In an acute-angled triangle MNK from point D, the midpoint of side MK, perpendiculars DA

univerkov | September 5, 2021 | education

In an acute-angled triangle MNK from point D, the midpoint of side MK, perpendiculars DA and DB are drawn to sides MN and NK, prove that if DA = DB, then triangle MNK is isosceles.

Consider two triangles, MAD and DBK, by condition they are rectangular, since AD ⊥ MN; DB ⊥ NK, angle <MAD = 90 °; <DBK = 90 °, and the hypotenuses MD and DK are opposite the right angle.

Let us calculate the legs of the triangles MA and BK, taking into account that MD = DK by condition.
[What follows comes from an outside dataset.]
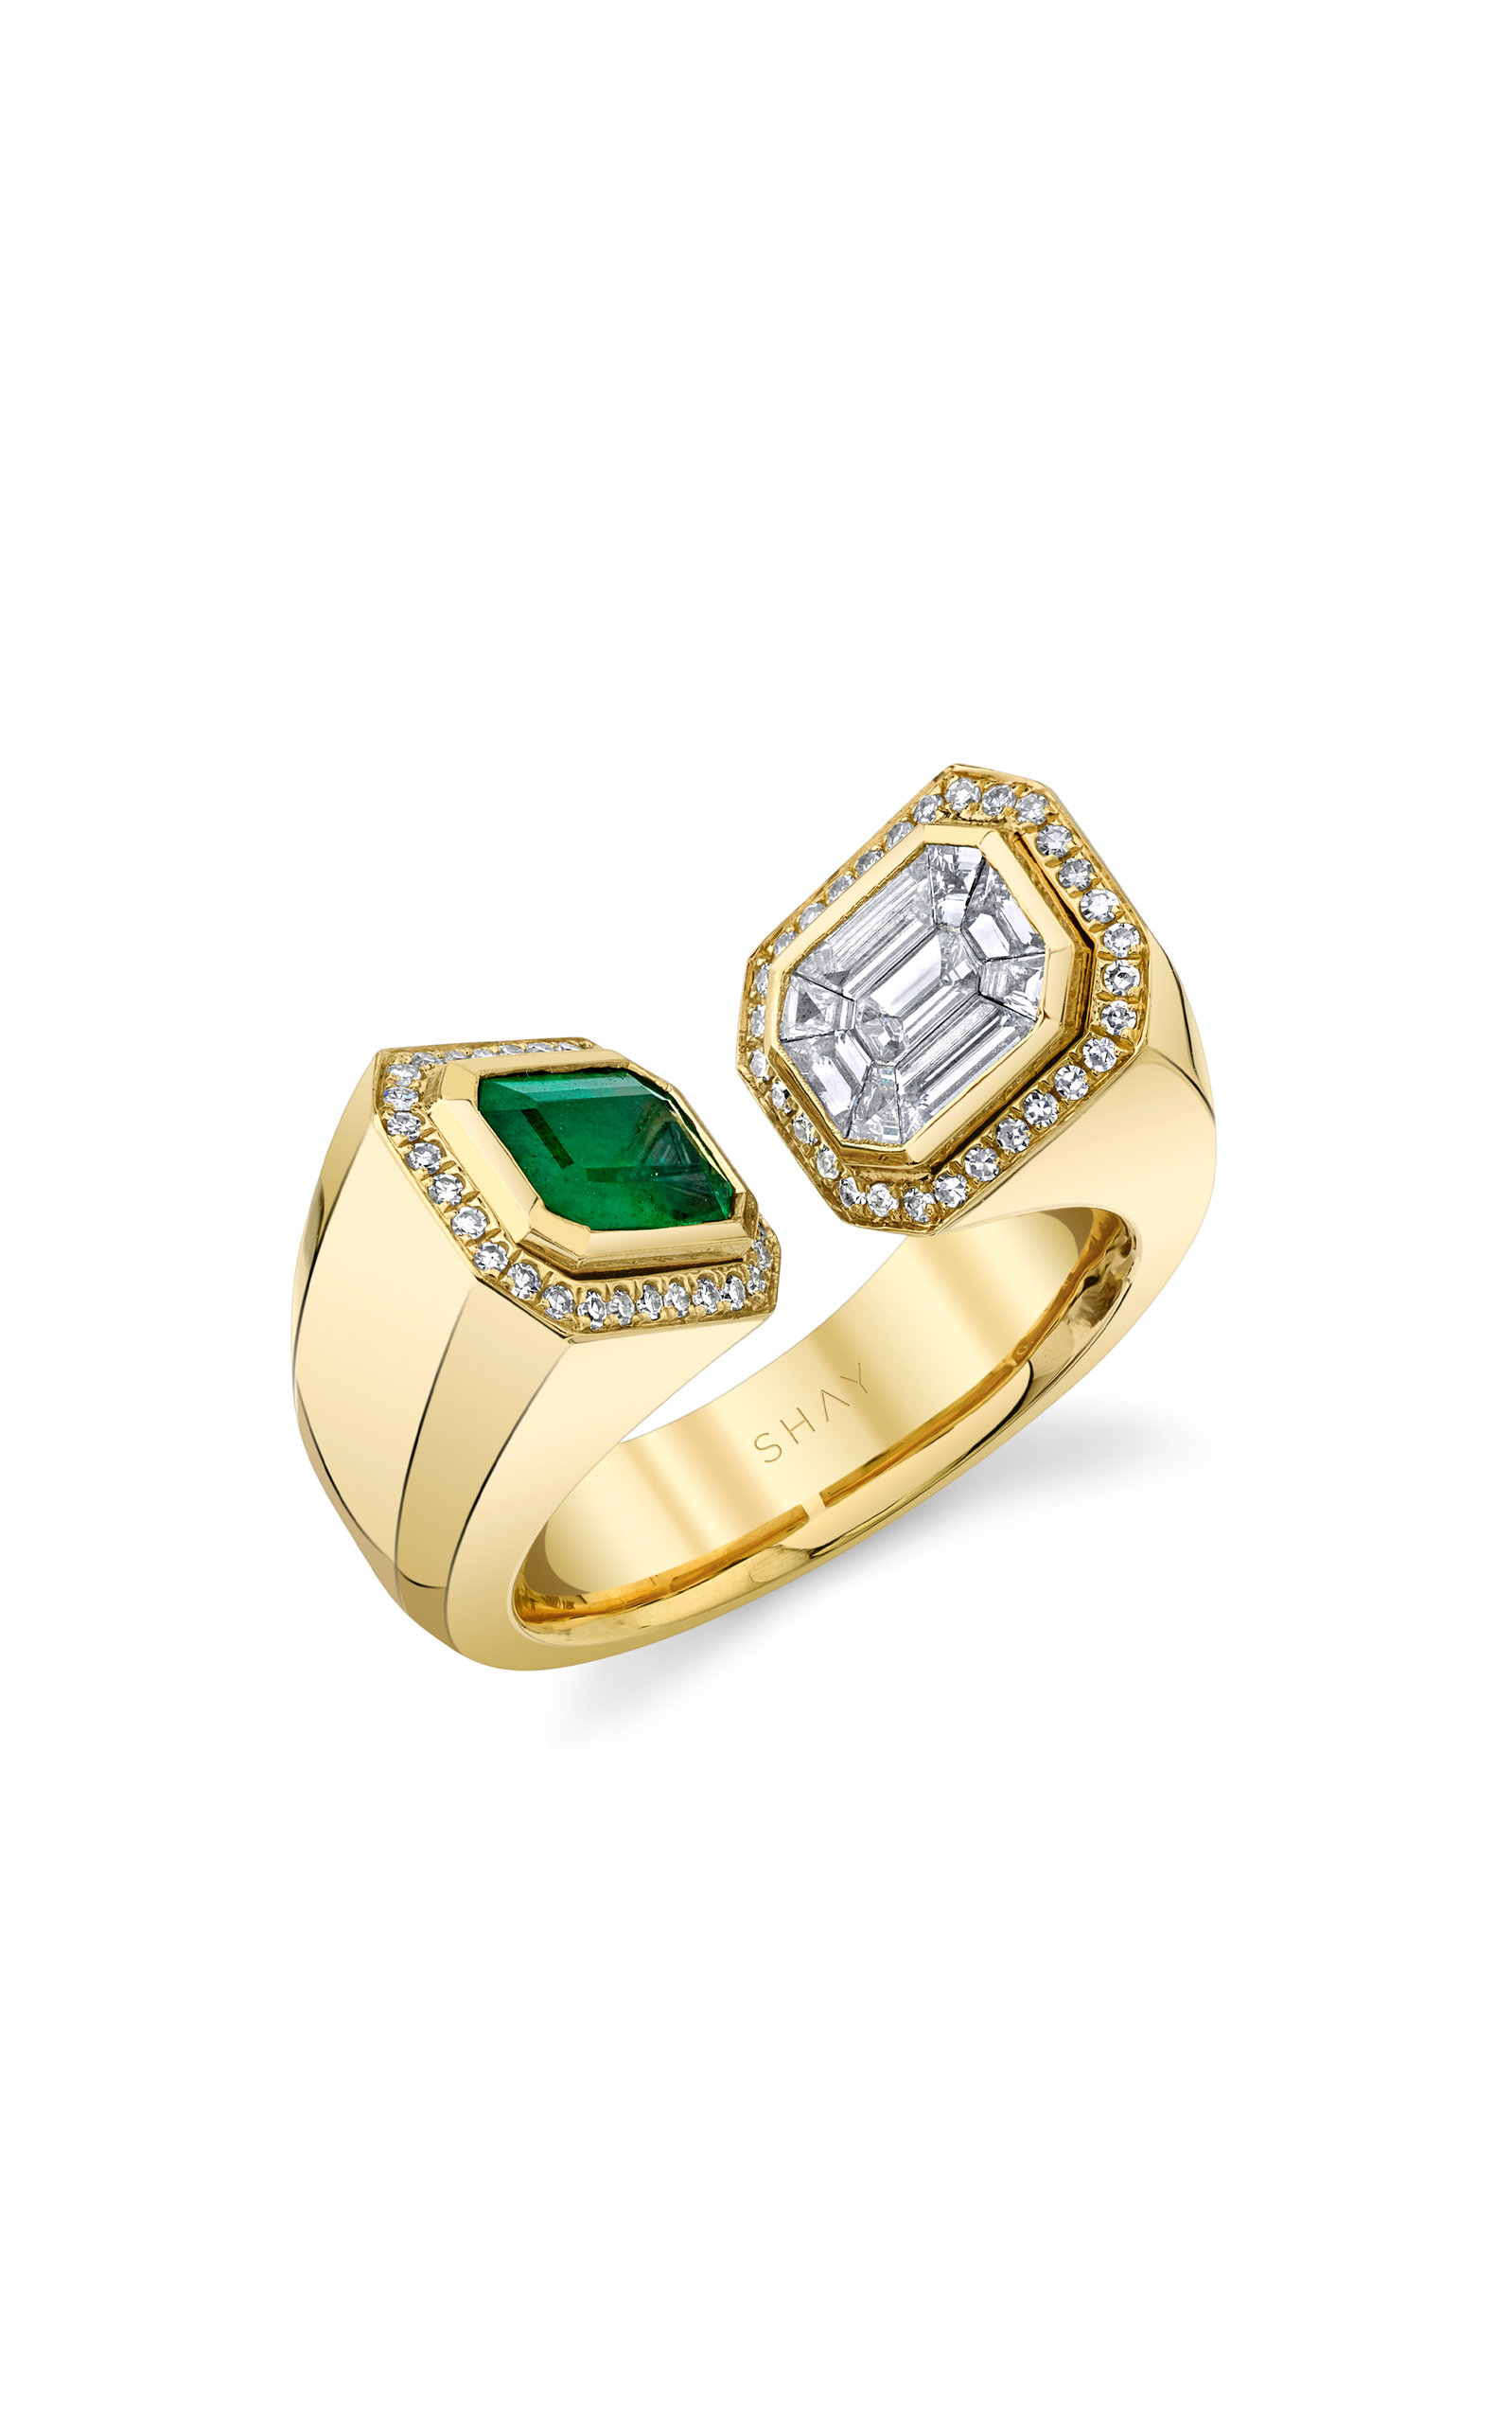 SHAY - Women's Halo Bypass 18K Yellow Gold Diamond; Emerald Ring - Gold - US 5 - Moda Operandi - Gifts For Her

Then:

AM ^ 2 = MD ^ 2 – AD ^ 2 in AMD triangle; BK ^ 2 = DK ^ 2 – DB ^ 2 in triangle BDK. Even without extracting the root, we conclude that AM ^ 2 = BK ^ 2, since they contain MD = DK in the formulas; and AD = BD by condition. We got that triangles AMD and DBK are equal, angles <AMD = <BKD are equal, triangle MNK is isosceles.

One of the components of a person's success in our time is receiving modern high-quality education, mastering the knowledge, skills and abilities necessary for life in society. A person today needs to study almost all his life, mastering everything new and new, acquiring the necessary professional qualities.